To defeat pandemics, put human rights at the center of global health

The picture shows the characteristic corona virus microscopically enlarged
The AIDS pandemic taught us and COVID-19 a critical lesson: The world must implement a rights-based approach to the coronavirus. It is vital that Denmark pushes for human rights to be central to global health strategies.

This article is written by Steven L.B. Jensen, Senior Researcher, the Danish Institute for Human Rights and Ralf Jürgens, Senior Technical Coordinator, Human Rights and Investment Support, The Global Fund to Fight AIDS, Tuberculosis and Malaria. It was first published in Danish on Globalnyt.dk on 31 July 2020.

In 2020, global health has taken center stage once again as a deadly pandemic rages. We have been here before with the AIDS pandemic which has a critical lesson to teach us and COVID-19: there cannot be health without human rights. Just as with HIV the world must implement a rights-based approach to this coronavirus, one that will involve coming together in international and national efforts to reach all those affected, as well as address the critical and urgent needs of those made more vulnerable to COVID-19 by poverty, inequality and marginalization.  

While human rights are under threat in many places in the world, human rights are championed by those involved in global health governance, including the Global Fund to Fight AIDS, TB and Malaria, UNAIDS, the World Health Organization, and by the Kingdom of Denmark. This is because the global response to HIV has fundamentally redefined an effective health response.  Such a response comprises a rights-based and gender-transformative approach that engages, protects and empowers the people and communities most affected by any health condition. In global health, human rights have earned their place at the table by representing not only the legal obligations of States but also practical and programmatic solutions that lead to reduced infections, lower morbidity and death, and improved outcomes of international and national health spending.  

It became painfully clear in the AIDS pandemic that many factors were undermining, and continue to undermine, the response to HIV.  These were ignorance and confusion about how to protect oneself and others from infection; inadequate, insufficient and unequal distribution of testing, prevention and treatment; and stigma, discrimination and harsh and punitive approaches. The increased vulnerabilities and particular needs of those socially, economically and politically marginalized were also ignored. 

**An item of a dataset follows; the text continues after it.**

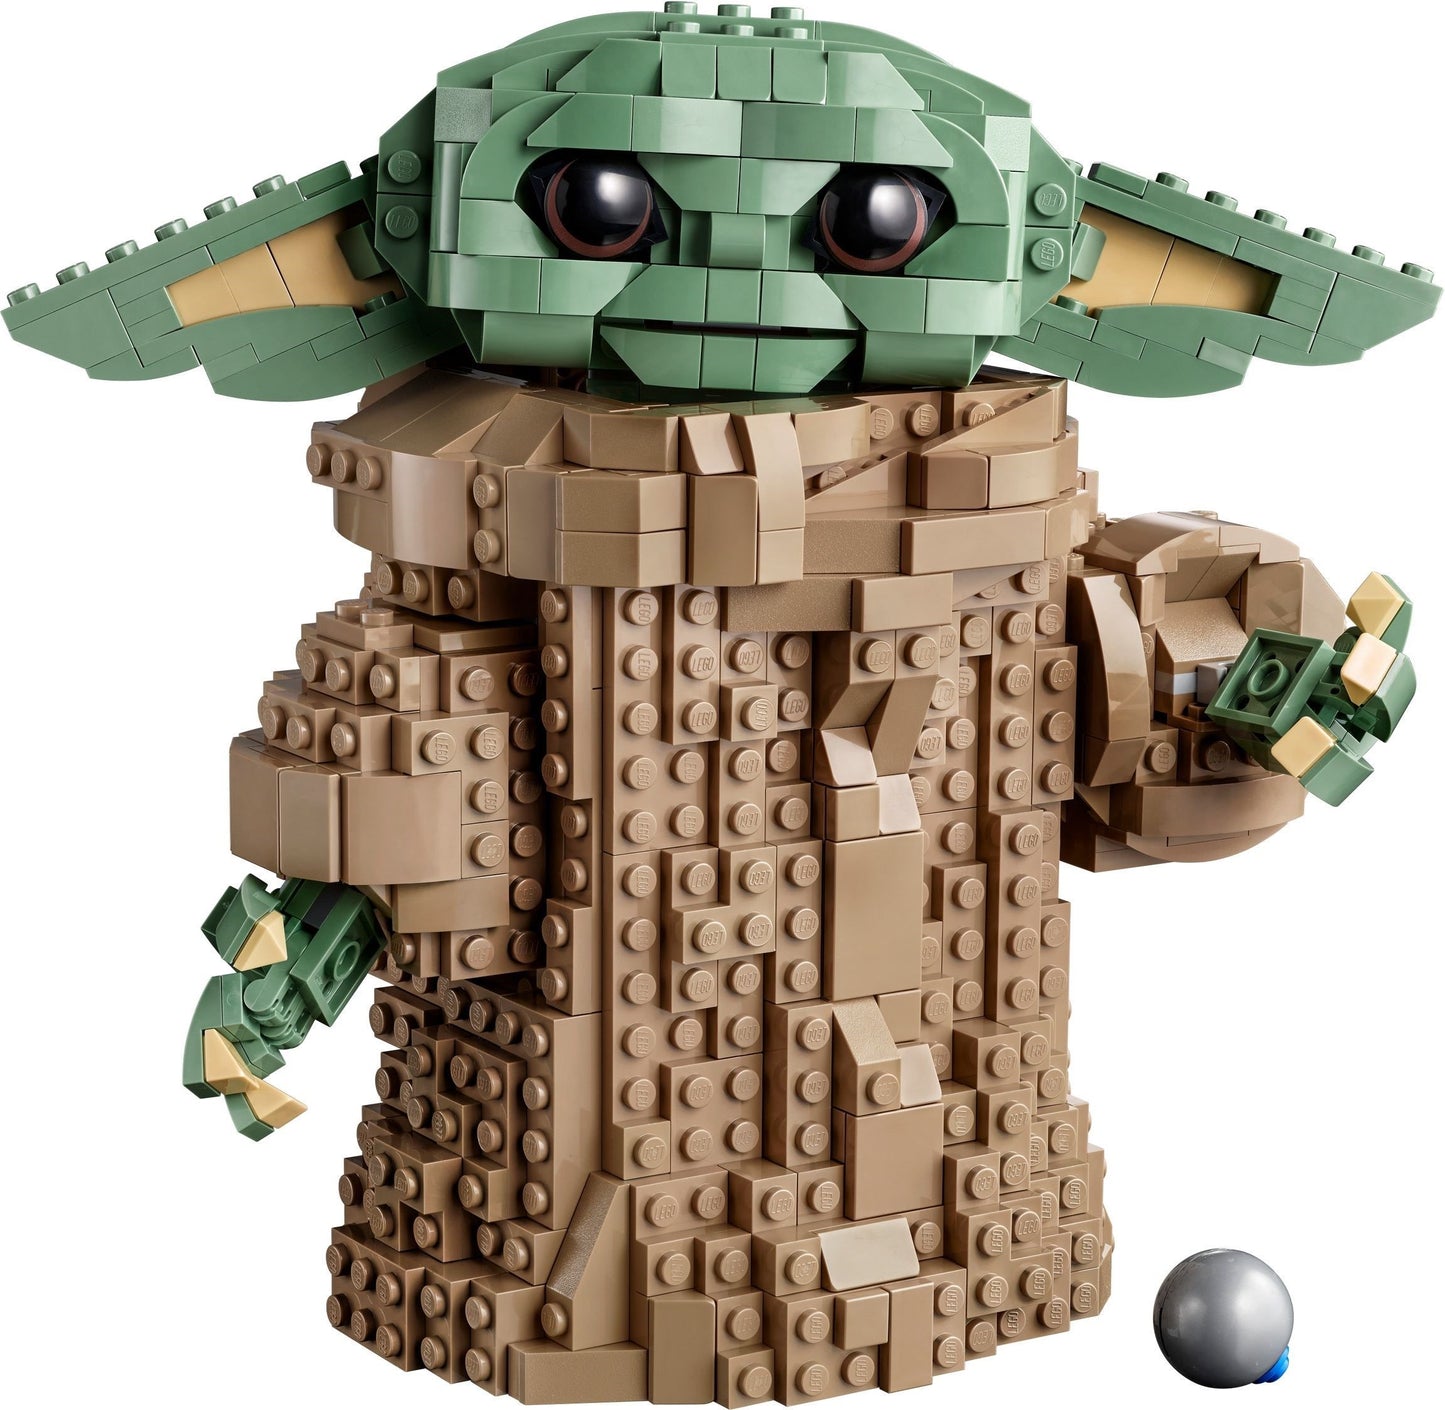 75318 - LEGO Star Wars - The Child

To overcome these challenges, the AIDS response embraced human rights in both principled and pragmatic ways. There was recognition that people have the right to correct health information, effective services and scientifically based leadership; they have the right to non-discriminatory access to prevention and treatment; they have the rights to participation, transparency and accountability in the health measures affecting them.  Further it became apparent that sufficient prevention and treatment would be both delivered and taken up only by engaging communities and empowering them to be health and rights literate and to able to advocate for and act on their health care. Human rights also demand an approach that addresses the particular needs of the groups most affected due to their marginalization.  Finally, an effective response to a pandemic requires international solidarity, coalition-building and burden-sharing across boundaries. Today the fact that 24 million people are on HIV treatment is a result of these aspects of a rights-based approach to HIV. 

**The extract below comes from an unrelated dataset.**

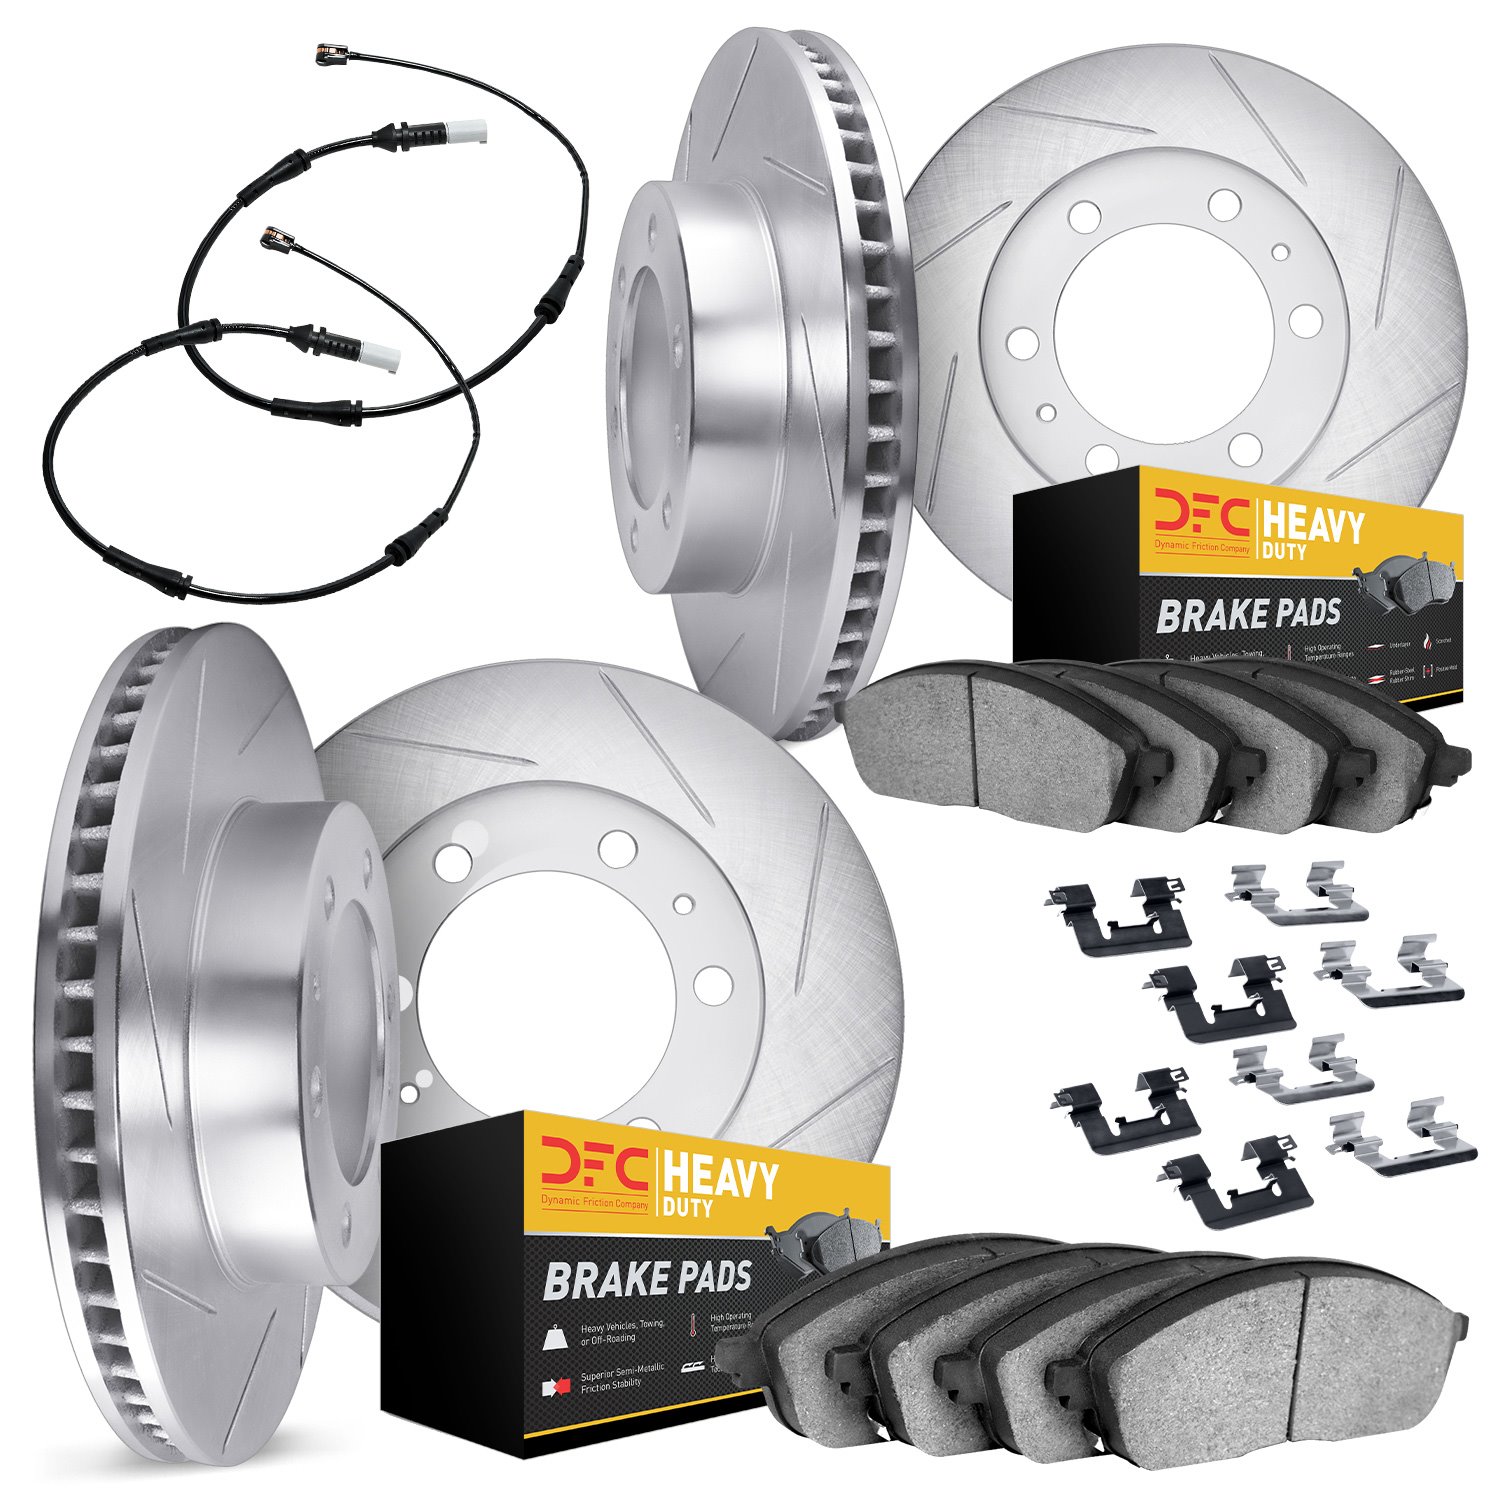 5224-40011 Slotted Brake Rotors w/Heavy-Duty Brake Pads Kits [Silver] includes Sensor & Hardware, Fits Select Multiple Makes/Mod

The Global Fund to Fight AIDS, TB and Malaria has taken the lessons learned in the AIDS pandemic and applied them to TB and malaria, and in the current crisis, is extending them to COVID-19.  In an effort to make human rights real in the lives of those affected by HIV, TB and malaria, the Global Fund launched an ambitious initiative, Breaking Down Barriers, which supports countries to implement and take to scale for the first time ever concrete programs to remove human rights-related barriers to health services.  Over the last three years the Global Fund has provided approximately 125 million US dollars for these programs.  It is now extending these programs and modifying them as necessary so as to best support the right to health in national COVID responses.  

The goals are once again health and human rights goals: equality in access to medicines and services, non-discrimination, increased efforts to address the need of the most affected and marginalized, attention to gender inequality, and burden-sharing and global solidarity. 

The next months are vital for the future of global health not only due to the COVID-19 pandemic. Two major global health strategies are currently under negotiation. They will define what the international community does up to 2030. UNAIDS is leading consultations for a new Global AIDS Strategy. At the same time, the Global Fund to Fight AIDS, TB and Malaria is preparing its next strategy. 

These strategy processes offer political opportunities in the midst of a global health crisis. We must protect and advance on the gains made. We must protect life and dignity. Human rights must be strengthened in the new strategies for the obvious fact: it works. Denmark has played an important role in securing these gains. It is vital that Denmark, once again, rallies around these processes and pushes for human rights to be central to global health strategies.The world needs this more than ever.